- Directions
Starting at the line containing "Bateria Unipower para" and ending at the line containing "List of Universities in Equatorial Guinea", transcribe the listing below exactly. Keep both end lines, skip the pictures, and copy nothing else.

- Given records
=-=-=-=-=

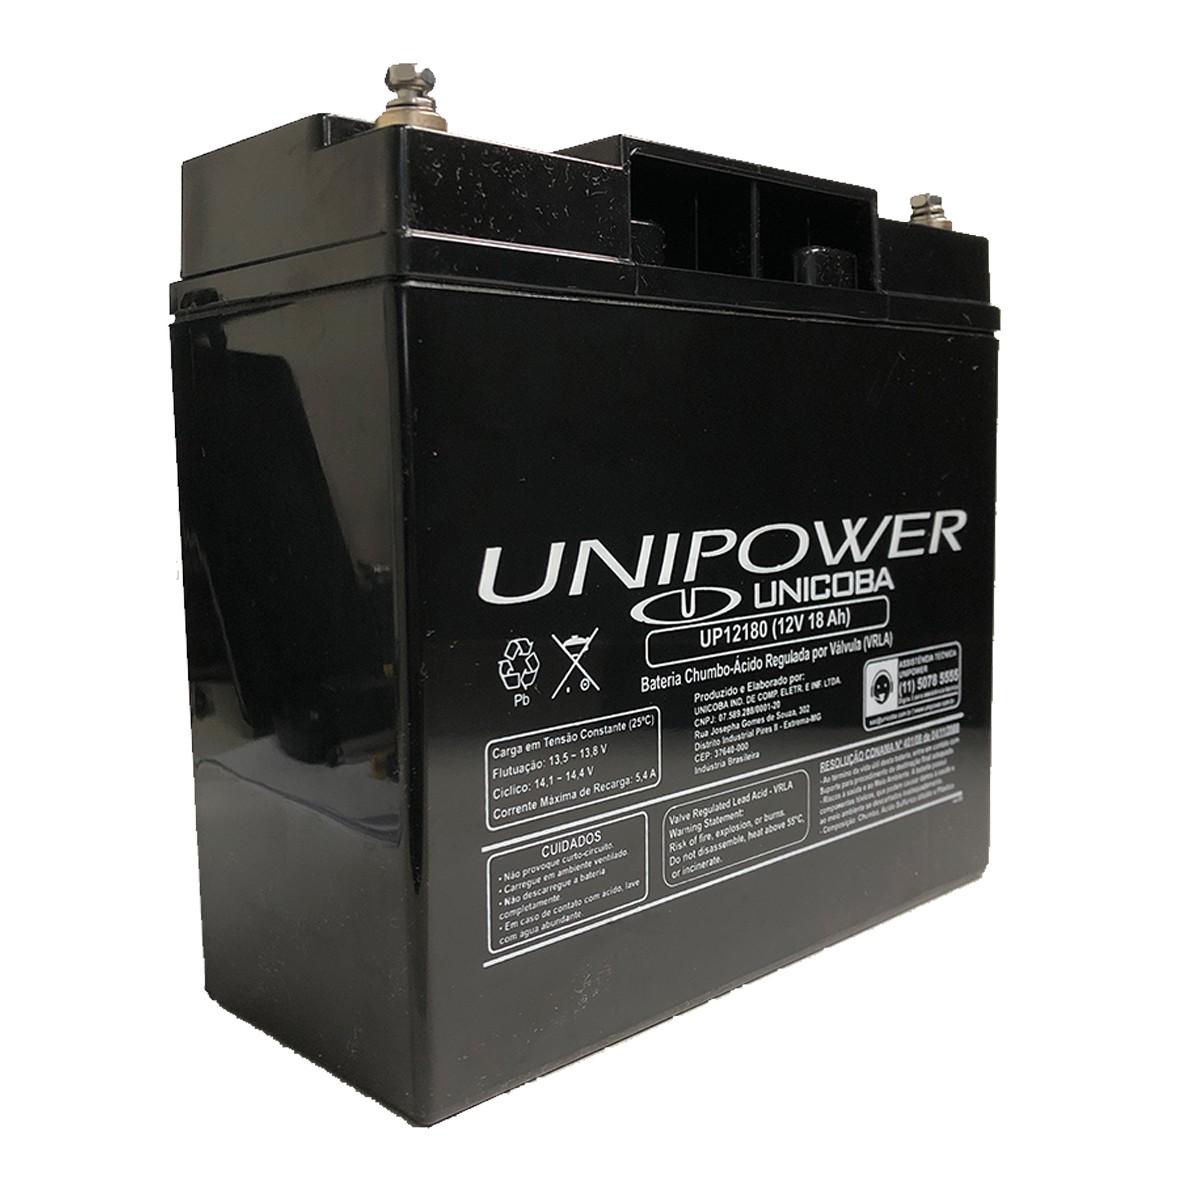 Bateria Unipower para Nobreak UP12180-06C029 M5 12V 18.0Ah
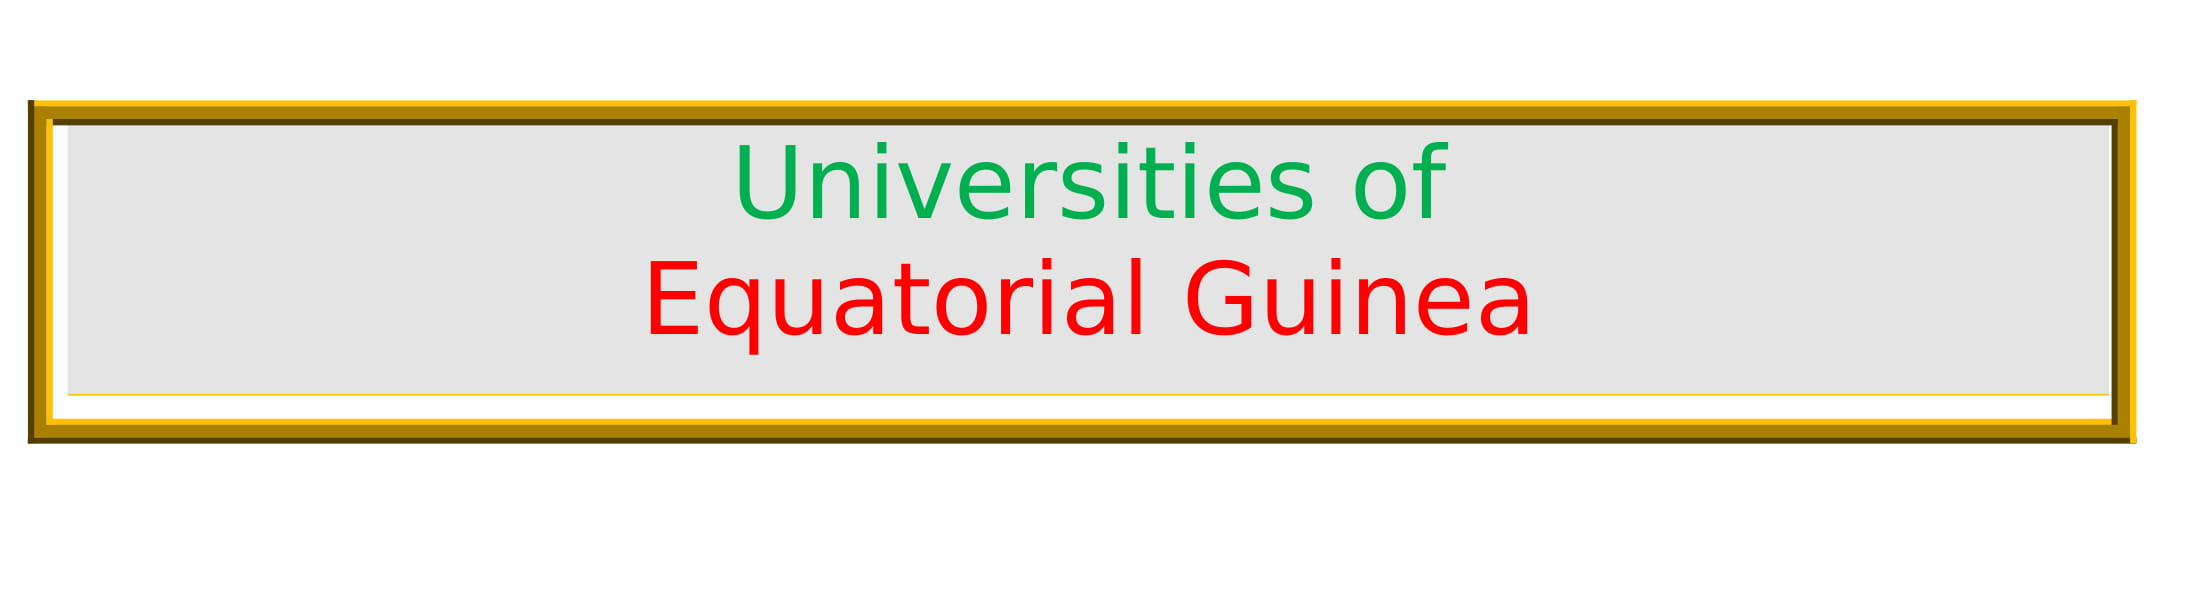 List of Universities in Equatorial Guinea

=-=-=-=-=

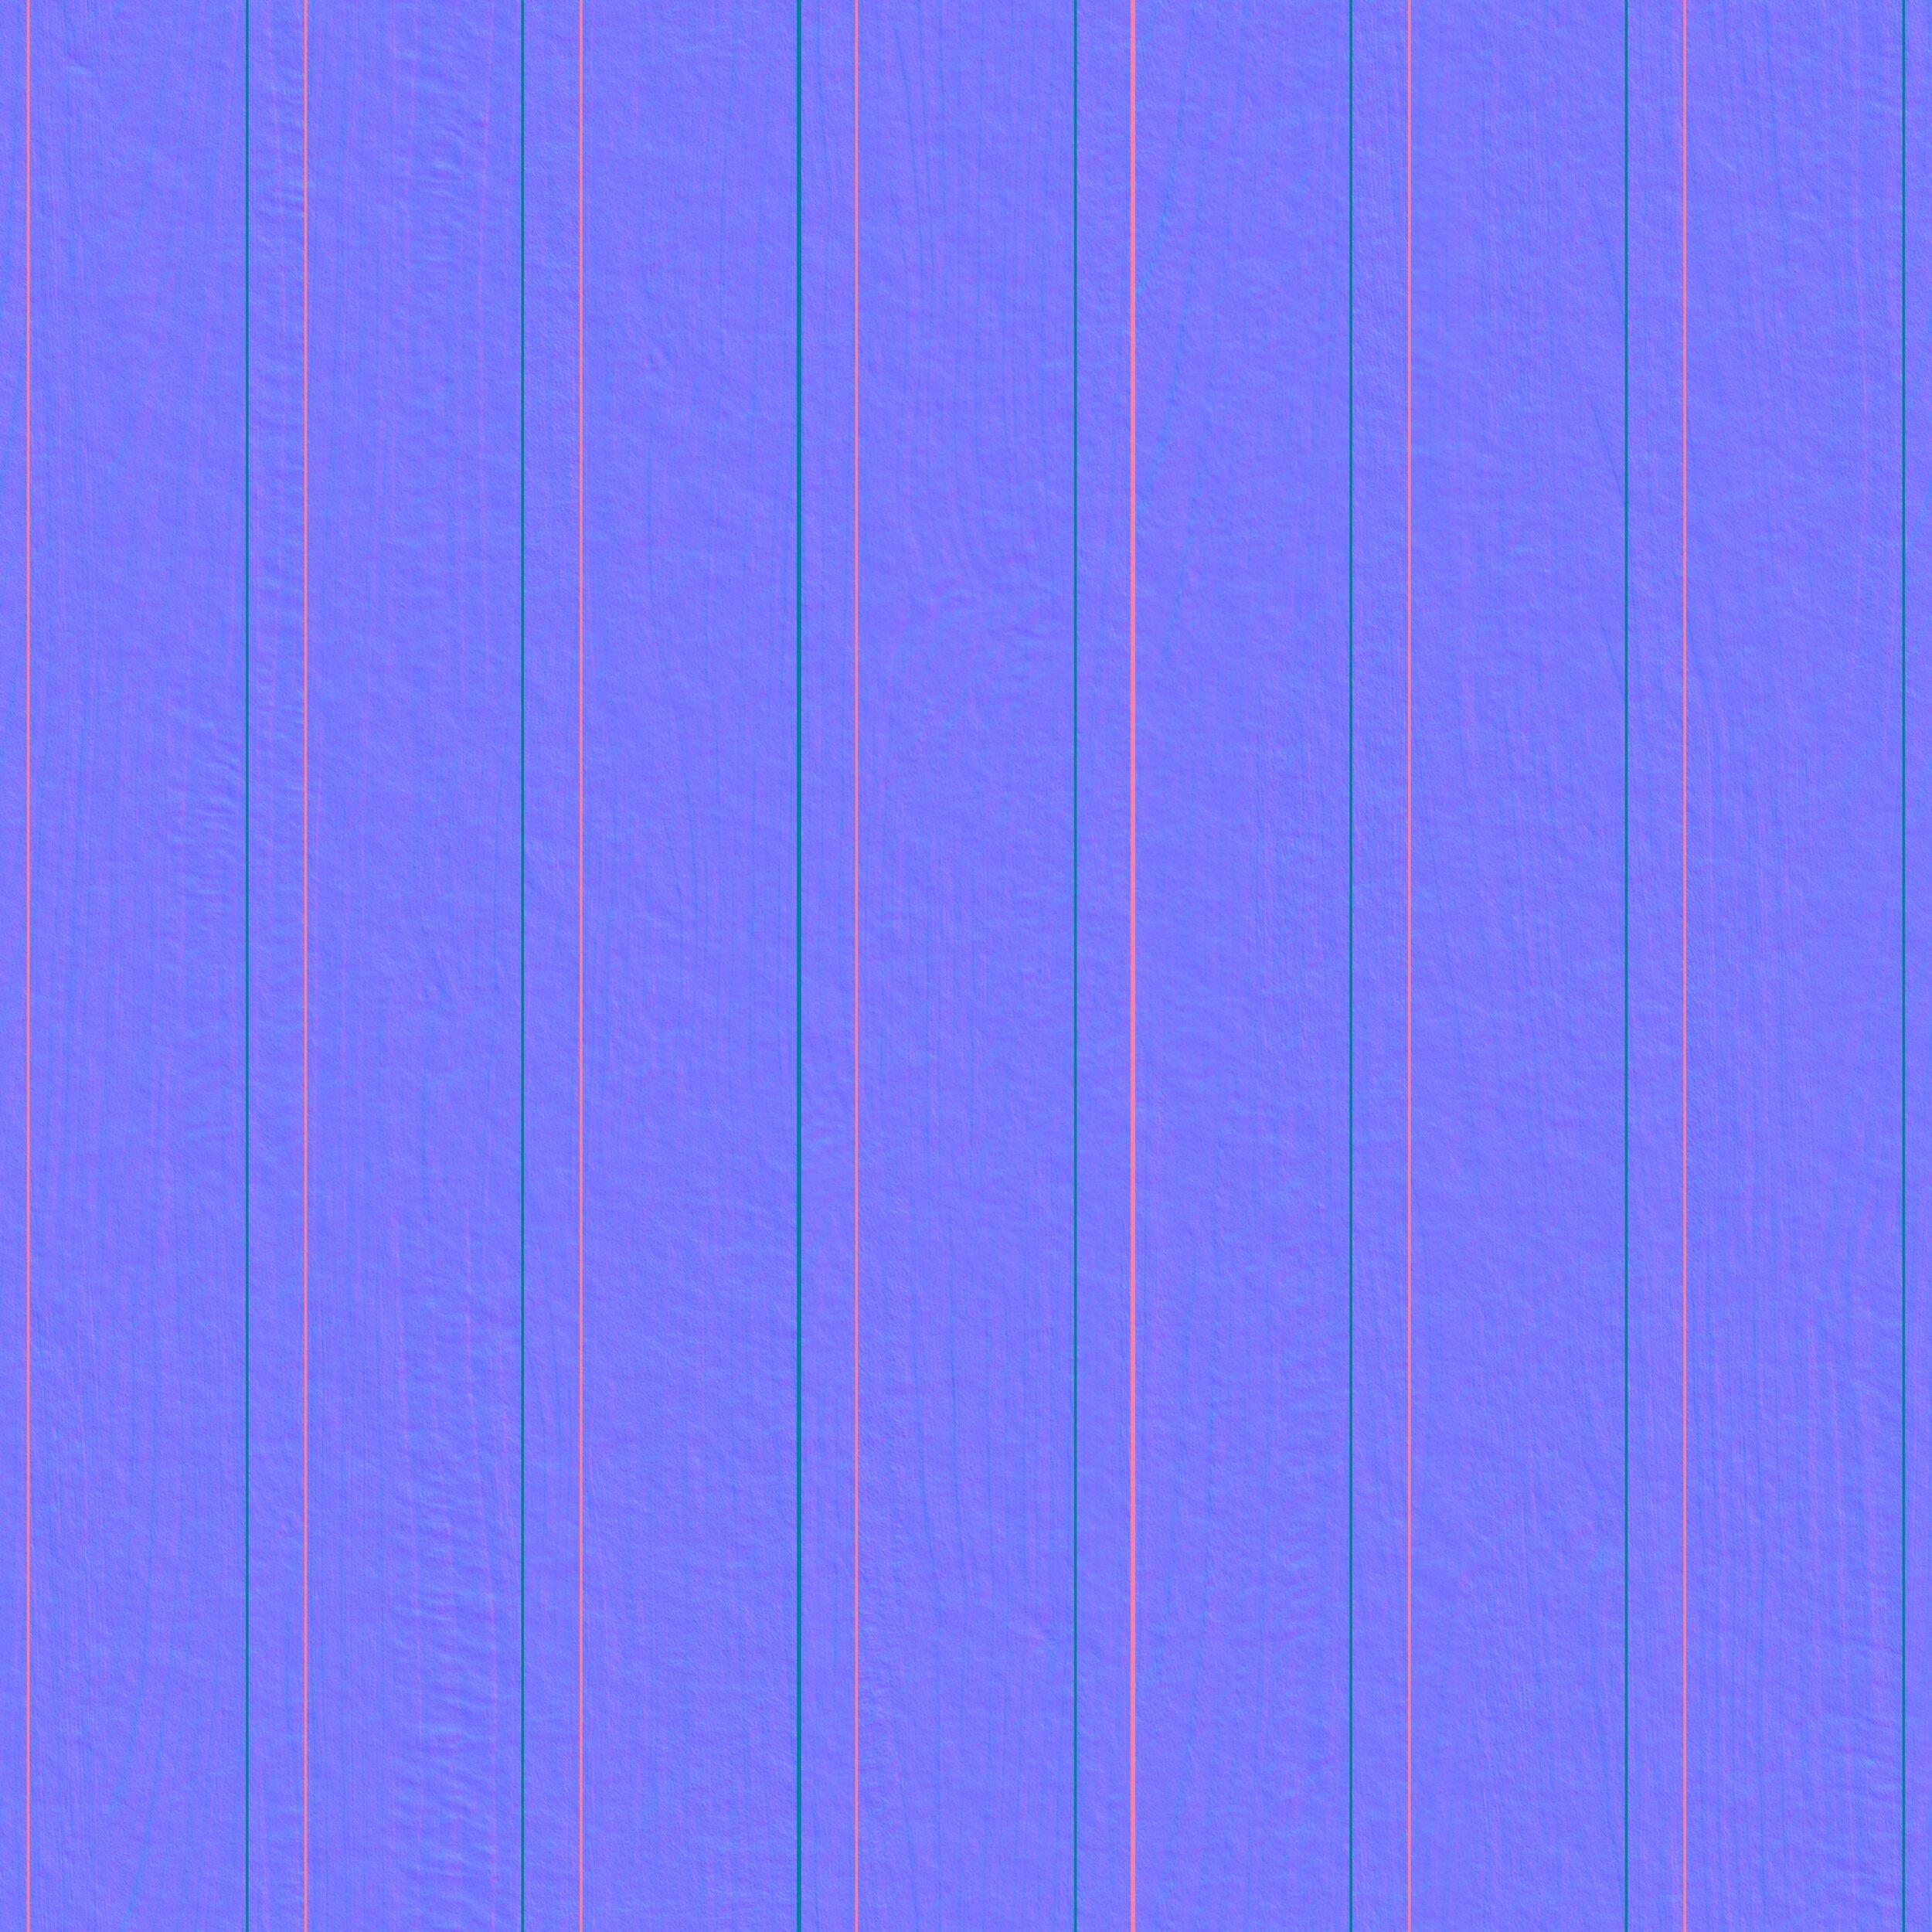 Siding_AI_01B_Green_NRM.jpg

=-=-=-=-=

- Written answer
 Bateria Unipower para Nobreak UP12180-06C029 M5 12V 18.0Ah
 List of Universities in Equatorial Guinea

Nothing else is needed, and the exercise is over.